An agreement between the wireless industry and public-safety officials in the mid-1990s was meant to solve the problem by phasing in location information.
Phase I required carriers to supply a callback number and cell-site location information to PSAPs. It was due to be implemented by April 1, 1998, but is still being deployed.
Phase II required more precise location information, depending on whether a carrier chose a handset- or network-based solution. Handset-based solutions must be able to locate the caller within 50 meters 67 percent of the time and within 150 meters 95 percent of the time. Network-based solutions must be able to locate the caller within 100 meters 67 percent of the time and within 300 meters 95 percent of the time. Carriers that chose a handset-based solution have until Oct. 1 to start selling handsets with automatic location information (ALI). The new schedule calls for 25 percent of all new handsets activated by Dec. 31 to be ALI-capable. This number rises to 50 percent on June 30, 2002 and 100 percent on Dec. 31, 2002. Carriers who choose network-based must deploy the solution within six months of a PSAP request as of Oct. 1.
It now appears that the deadline may be delayed again, but this time on a carrier-by-carrier basis.
Earlier this month, AT&T Wireless Services Inc. asked for a waiver that will allow it implement two different Phase II technologies. The first known as the mobile-assisted network location system would be implemented by April 2002, but would not meet the FCC’s accuracy requirements. The second, enhanced observed time difference of arrival, would be deployed as AT&T Wireless overlays its TDMA network with GSM technology. The FCC is accepting comments on the AT&T waiver request until May 7 replies are due May 21.

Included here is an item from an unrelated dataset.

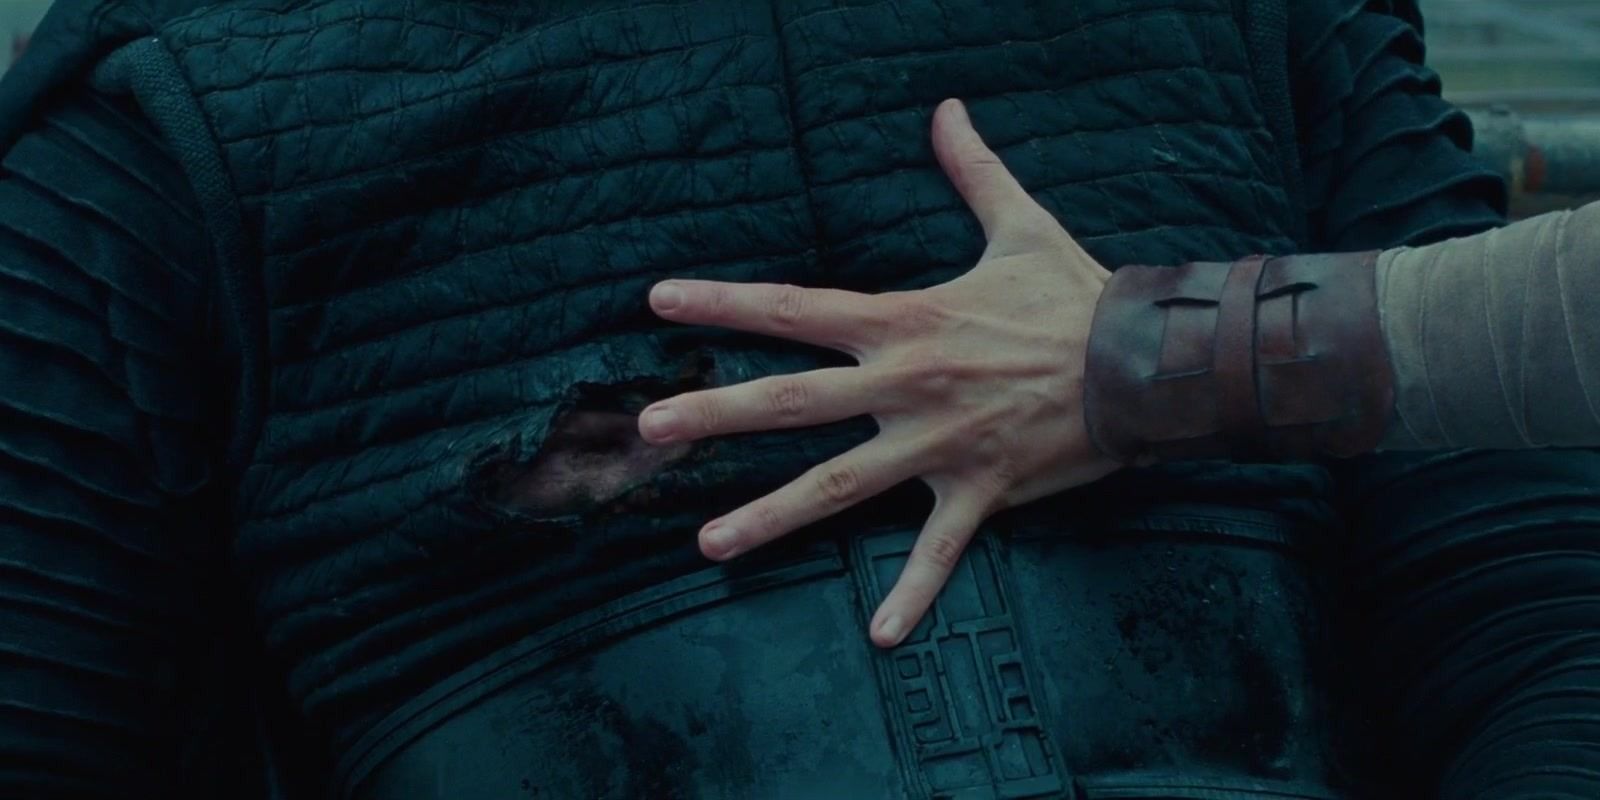 Rey holding her hand over Kylo Ren's wound to heal it

The FCC is also considering a waiver request by Nextel.
The agency approved a waiver for VoiceStream Wireless Corp. that will allow it to implement EOTD. APCO has asked that this waiver be reconsidered and a staff recommendation on this is pending before the commissioners, said Kris Ann Monteith, chief of the WTB policy division.

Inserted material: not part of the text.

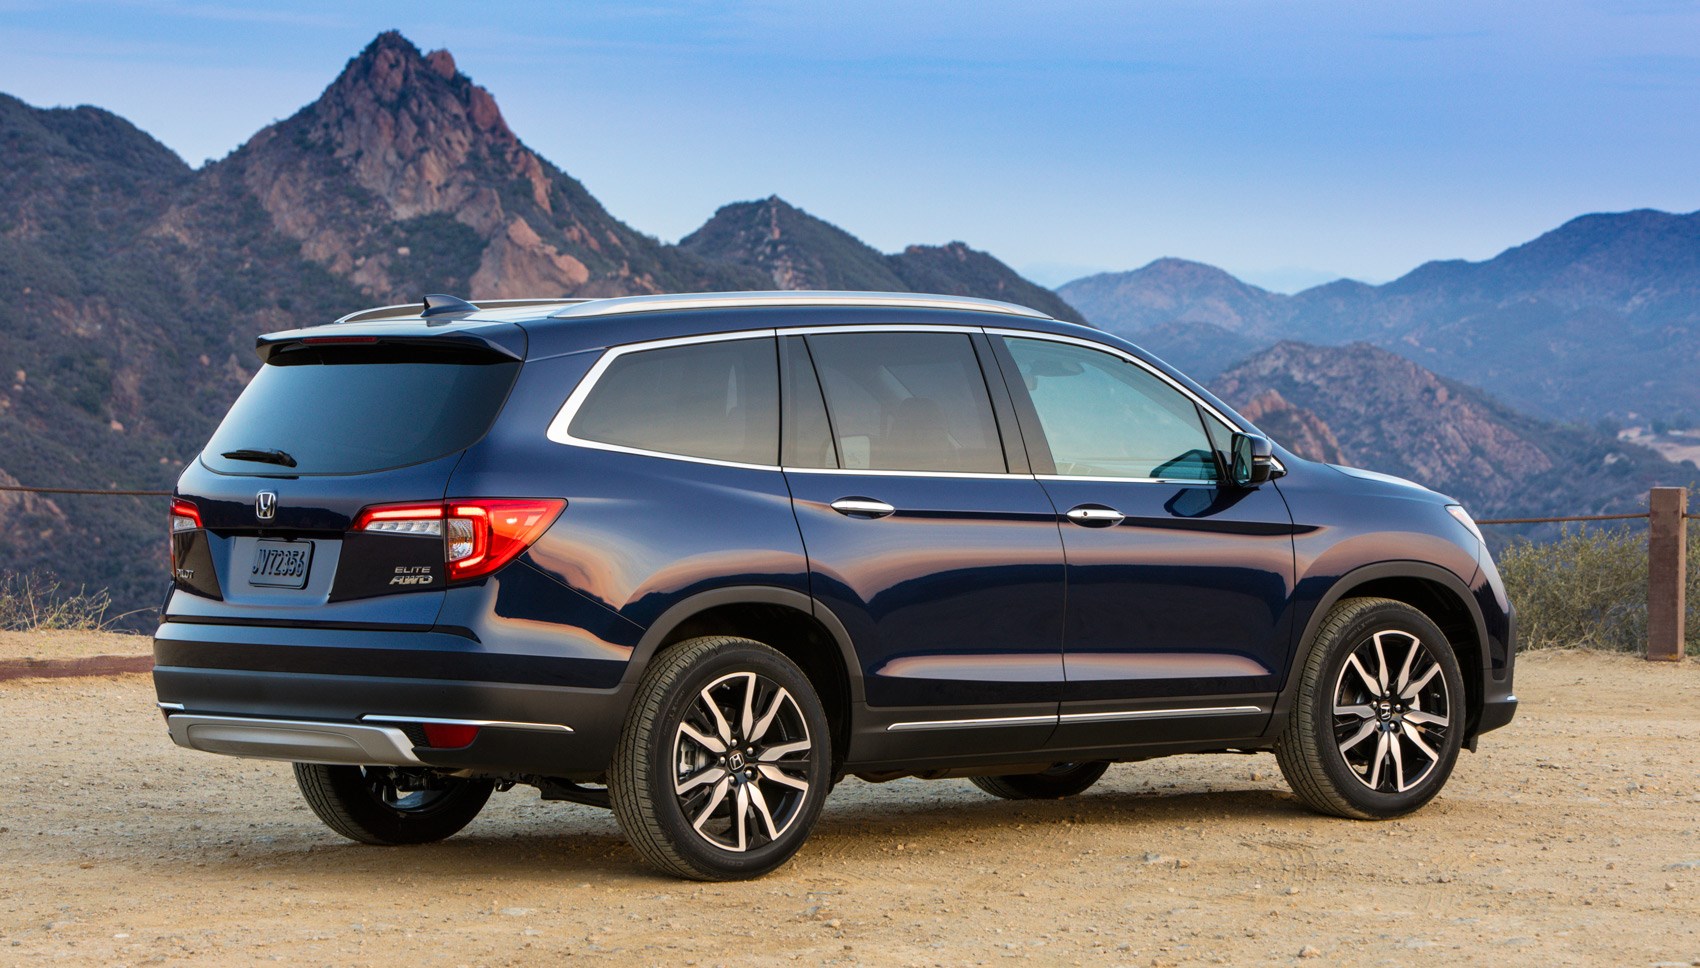 Honda Pilot (2018) review: large and in charge? | CAR Magazine

With former FCC Chairman William E. Kennard gone, it is believed that an APCO reconsideration petition to rescind the waiver is stalled at the commission level with a two-two vote. FCC Commissioners Susan Ness and Gloria Tristani dissented from the waiver grant in the first place but FCC Chairman Michael K. Powell and FCC Commissioner Harold Furchtgott-Roth agreed to grant the waiver. It is expected these positions have not changed.